The GABAA receptor antagonist bicuculline methobromide (3.25 nM) (Sigma-Aldrich, St Louis, MO, USA) was used to see whether blockade of GABAA receptors in the DR blocks the inhibitory effects of mPFC-HFS on neuronal firing in DR. Bicuculline was prepared in 0.9% saline in a final dose of 75 ng/0.5 μL (100 μM) and infused into the DR 2 min after the onset of mPFC-HFS for a total of 1 min of perfusion time. The doses were chosen on the basis of previous publications as well as pilot studies, using the criteria of pharmacological and behavioural efficacy (Tao & Auerbach, 2003; Tao & Ma, 2012).
Histology
At the end of each experiment, the final position of the stimulating and recording electrode tips was marked with an electrolytic lesion (10 mA for 10 s) to verify location in the tissue. Animals underwent transcardiac perfusion with heparinized saline followed by 4% weight/volume paraformaldehyde in phosphate-buffered saline (PBS). Brains were extracted, post-fixed in 20% sucrose and 4% paraformaldehyde in PBS, processed for 40-μm-thick coronal sections using a cryostat (1720 digital; Leica Microsystems, Wetzlar, Germany) and stained with Cresyl Violet. Recording site locations were confirmed in the DR and stimulating sites in the infralimbic region of the mPFC. Placements of cannulae were verified by comparing the slides with a rat brain atlas (Paxinos & Watson, 2007).
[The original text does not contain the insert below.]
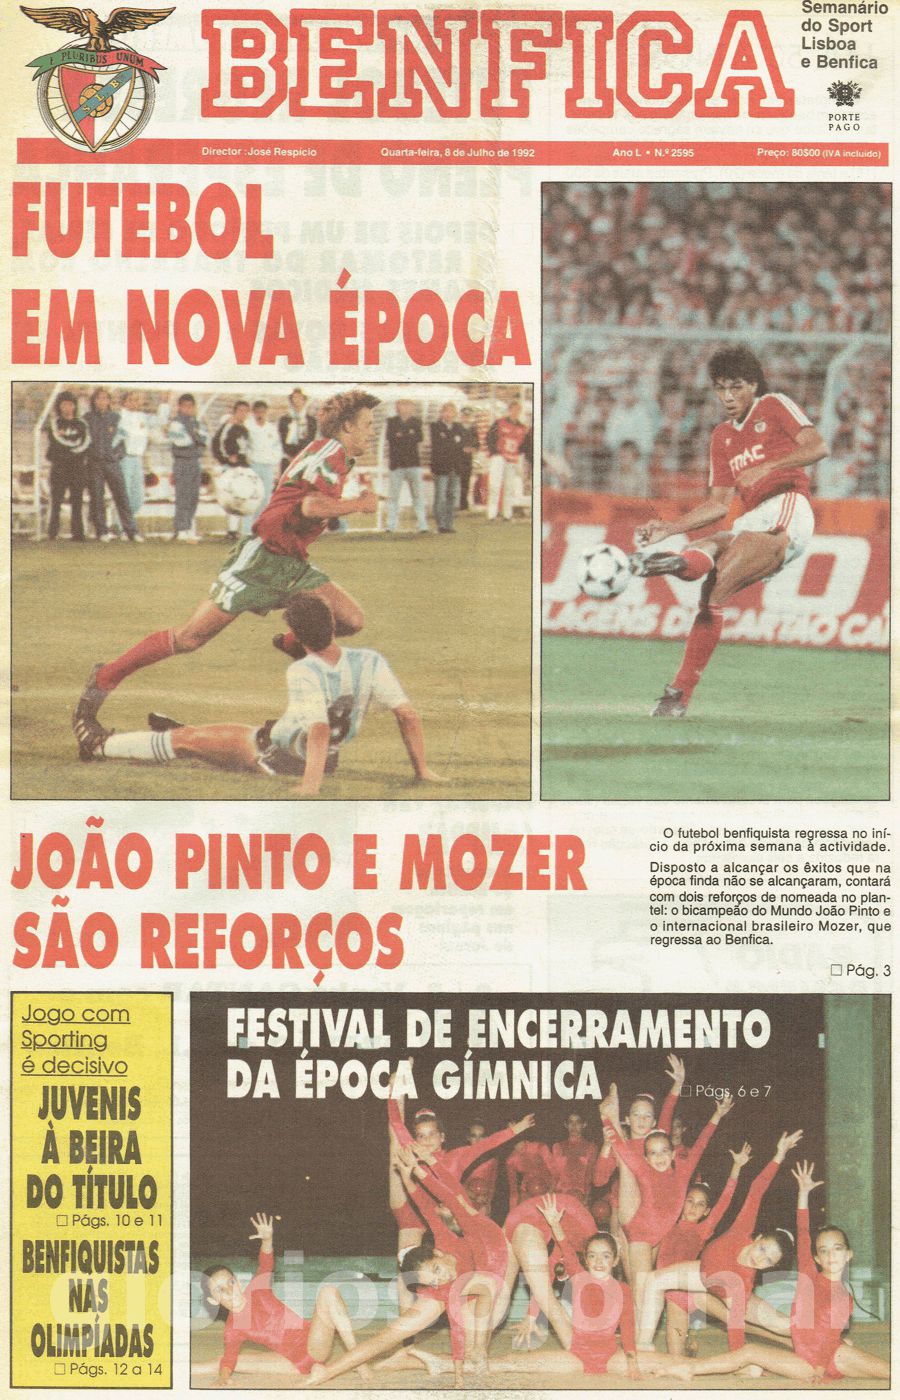 jornal o benfica 2595 1992-07-08

Offline analysis of neuronal activity
The recorded neurons (spikes) were sorted offline by template-matching software (SPIKE2; Cambridge Electronic Design). Neurons were accepted for further analysis if the spikes were of a consistent, distinct shape that could be separated with a high degree of certainty from the spike waveforms of other neurons and background noise or cardiac pulsations. In this study, the artefacts produced by microstimulation were relatively short lasting (0.6 ms) and were removed from the signal, starting from the onset of the artefact to the end. This dead space was then replaced with an equivalent period of neural data immediately prior to the stimulus artefacts but in a reversed order. This had the advantage of producing a smooth transition in the signal at the site where the artefact was removed. The ‘cleaned’ neuronal recordings were then used for spike sorting with the template-matching algorithm, as spike band-pass filtering without removal of the artefact will increase the duration of the artefacts (Bar-Gad et al., 2004; Liu et al., 2012).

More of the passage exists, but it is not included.